Assignment: Extract every line below that contains the word "durante".

Given data:
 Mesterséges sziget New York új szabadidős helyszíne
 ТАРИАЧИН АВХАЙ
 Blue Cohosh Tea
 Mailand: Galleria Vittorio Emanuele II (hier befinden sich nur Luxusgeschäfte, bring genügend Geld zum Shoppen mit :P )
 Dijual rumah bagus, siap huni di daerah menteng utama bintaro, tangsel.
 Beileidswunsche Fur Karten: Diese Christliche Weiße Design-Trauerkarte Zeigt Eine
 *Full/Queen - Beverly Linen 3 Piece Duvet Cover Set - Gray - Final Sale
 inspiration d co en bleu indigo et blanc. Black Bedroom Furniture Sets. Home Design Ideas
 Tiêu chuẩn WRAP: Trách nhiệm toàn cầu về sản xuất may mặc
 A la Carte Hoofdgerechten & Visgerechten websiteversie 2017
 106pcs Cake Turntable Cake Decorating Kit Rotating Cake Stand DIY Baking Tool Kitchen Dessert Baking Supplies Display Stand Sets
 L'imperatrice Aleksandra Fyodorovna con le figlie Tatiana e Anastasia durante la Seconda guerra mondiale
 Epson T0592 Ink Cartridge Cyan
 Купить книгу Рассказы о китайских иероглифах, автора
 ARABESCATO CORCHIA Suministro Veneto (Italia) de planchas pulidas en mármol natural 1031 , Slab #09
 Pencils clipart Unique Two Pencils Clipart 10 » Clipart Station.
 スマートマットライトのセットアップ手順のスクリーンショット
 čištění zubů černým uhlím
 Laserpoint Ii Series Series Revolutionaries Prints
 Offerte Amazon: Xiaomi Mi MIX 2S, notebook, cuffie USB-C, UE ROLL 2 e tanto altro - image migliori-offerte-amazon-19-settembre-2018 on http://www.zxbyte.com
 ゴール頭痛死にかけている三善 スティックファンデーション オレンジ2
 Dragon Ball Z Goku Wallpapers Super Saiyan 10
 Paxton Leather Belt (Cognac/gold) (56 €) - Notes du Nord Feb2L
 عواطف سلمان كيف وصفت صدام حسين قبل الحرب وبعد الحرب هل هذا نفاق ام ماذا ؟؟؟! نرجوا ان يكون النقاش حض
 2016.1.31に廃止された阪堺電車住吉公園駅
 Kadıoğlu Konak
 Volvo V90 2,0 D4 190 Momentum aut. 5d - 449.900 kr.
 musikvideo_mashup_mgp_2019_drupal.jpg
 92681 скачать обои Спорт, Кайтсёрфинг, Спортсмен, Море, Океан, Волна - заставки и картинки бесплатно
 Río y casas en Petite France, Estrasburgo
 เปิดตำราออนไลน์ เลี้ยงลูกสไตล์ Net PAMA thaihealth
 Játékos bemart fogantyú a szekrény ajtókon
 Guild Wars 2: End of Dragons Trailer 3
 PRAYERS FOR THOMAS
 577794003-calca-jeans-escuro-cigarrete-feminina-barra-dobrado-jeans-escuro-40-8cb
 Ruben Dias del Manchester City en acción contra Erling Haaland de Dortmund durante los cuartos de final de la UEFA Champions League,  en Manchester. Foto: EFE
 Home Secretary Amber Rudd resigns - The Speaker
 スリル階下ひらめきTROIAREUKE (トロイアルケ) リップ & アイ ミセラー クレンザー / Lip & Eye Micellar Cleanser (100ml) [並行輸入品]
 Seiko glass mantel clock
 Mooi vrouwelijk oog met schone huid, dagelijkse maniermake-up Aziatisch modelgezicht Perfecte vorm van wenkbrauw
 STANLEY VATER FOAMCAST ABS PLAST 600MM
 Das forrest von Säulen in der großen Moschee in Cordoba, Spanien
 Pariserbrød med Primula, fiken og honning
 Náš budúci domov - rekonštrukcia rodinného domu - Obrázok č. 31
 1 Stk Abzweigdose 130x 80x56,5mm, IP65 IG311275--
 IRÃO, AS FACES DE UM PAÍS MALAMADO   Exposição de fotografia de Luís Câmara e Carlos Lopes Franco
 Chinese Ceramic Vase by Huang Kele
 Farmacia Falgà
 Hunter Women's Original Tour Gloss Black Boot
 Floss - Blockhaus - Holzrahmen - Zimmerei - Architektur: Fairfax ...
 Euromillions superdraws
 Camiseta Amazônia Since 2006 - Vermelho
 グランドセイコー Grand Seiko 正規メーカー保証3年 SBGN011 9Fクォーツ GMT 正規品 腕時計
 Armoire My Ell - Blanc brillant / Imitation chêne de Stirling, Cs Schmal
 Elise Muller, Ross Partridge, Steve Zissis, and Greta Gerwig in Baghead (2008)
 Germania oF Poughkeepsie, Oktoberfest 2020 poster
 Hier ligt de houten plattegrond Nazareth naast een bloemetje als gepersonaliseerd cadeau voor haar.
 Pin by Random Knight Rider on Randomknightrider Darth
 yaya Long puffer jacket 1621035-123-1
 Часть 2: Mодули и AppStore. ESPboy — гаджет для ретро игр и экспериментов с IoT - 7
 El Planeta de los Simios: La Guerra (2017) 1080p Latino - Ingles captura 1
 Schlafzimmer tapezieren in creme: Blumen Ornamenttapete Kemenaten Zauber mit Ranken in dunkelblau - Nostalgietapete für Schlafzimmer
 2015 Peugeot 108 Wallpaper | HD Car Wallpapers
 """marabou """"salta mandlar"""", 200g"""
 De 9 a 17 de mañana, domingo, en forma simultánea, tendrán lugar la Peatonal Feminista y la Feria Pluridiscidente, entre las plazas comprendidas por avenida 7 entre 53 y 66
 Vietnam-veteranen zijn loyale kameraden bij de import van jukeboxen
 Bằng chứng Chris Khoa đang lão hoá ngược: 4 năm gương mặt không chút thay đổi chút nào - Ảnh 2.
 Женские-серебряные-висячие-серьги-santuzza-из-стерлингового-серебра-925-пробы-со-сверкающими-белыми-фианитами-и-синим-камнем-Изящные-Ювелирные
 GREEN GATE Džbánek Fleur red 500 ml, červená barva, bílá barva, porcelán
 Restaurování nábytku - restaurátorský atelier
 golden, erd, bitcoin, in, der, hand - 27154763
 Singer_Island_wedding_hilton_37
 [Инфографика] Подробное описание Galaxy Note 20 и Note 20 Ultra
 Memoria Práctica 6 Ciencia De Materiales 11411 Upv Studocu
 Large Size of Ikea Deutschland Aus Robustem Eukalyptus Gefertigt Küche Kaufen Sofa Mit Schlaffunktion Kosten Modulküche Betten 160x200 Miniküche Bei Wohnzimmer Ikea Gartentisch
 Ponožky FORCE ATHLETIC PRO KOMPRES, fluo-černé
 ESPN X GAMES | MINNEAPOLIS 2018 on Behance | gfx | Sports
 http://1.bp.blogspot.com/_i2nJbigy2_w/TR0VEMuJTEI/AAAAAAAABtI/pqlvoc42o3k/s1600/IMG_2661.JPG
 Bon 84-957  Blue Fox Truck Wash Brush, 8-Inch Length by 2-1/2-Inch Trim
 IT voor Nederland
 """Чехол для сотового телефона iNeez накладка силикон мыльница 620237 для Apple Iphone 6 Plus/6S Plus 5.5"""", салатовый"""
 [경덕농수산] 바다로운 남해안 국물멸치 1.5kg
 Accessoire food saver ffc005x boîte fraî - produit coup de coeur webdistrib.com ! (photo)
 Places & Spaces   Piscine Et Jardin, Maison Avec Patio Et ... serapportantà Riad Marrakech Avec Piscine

Answer for this exercise:
 L'imperatrice Aleksandra Fyodorovna con le figlie Tatiana e Anastasia durante la Seconda guerra mondiale
 Ruben Dias del Manchester City en acción contra Erling Haaland de Dortmund durante los cuartos de final de la UEFA Champions League,  en Manchester. Foto: EFE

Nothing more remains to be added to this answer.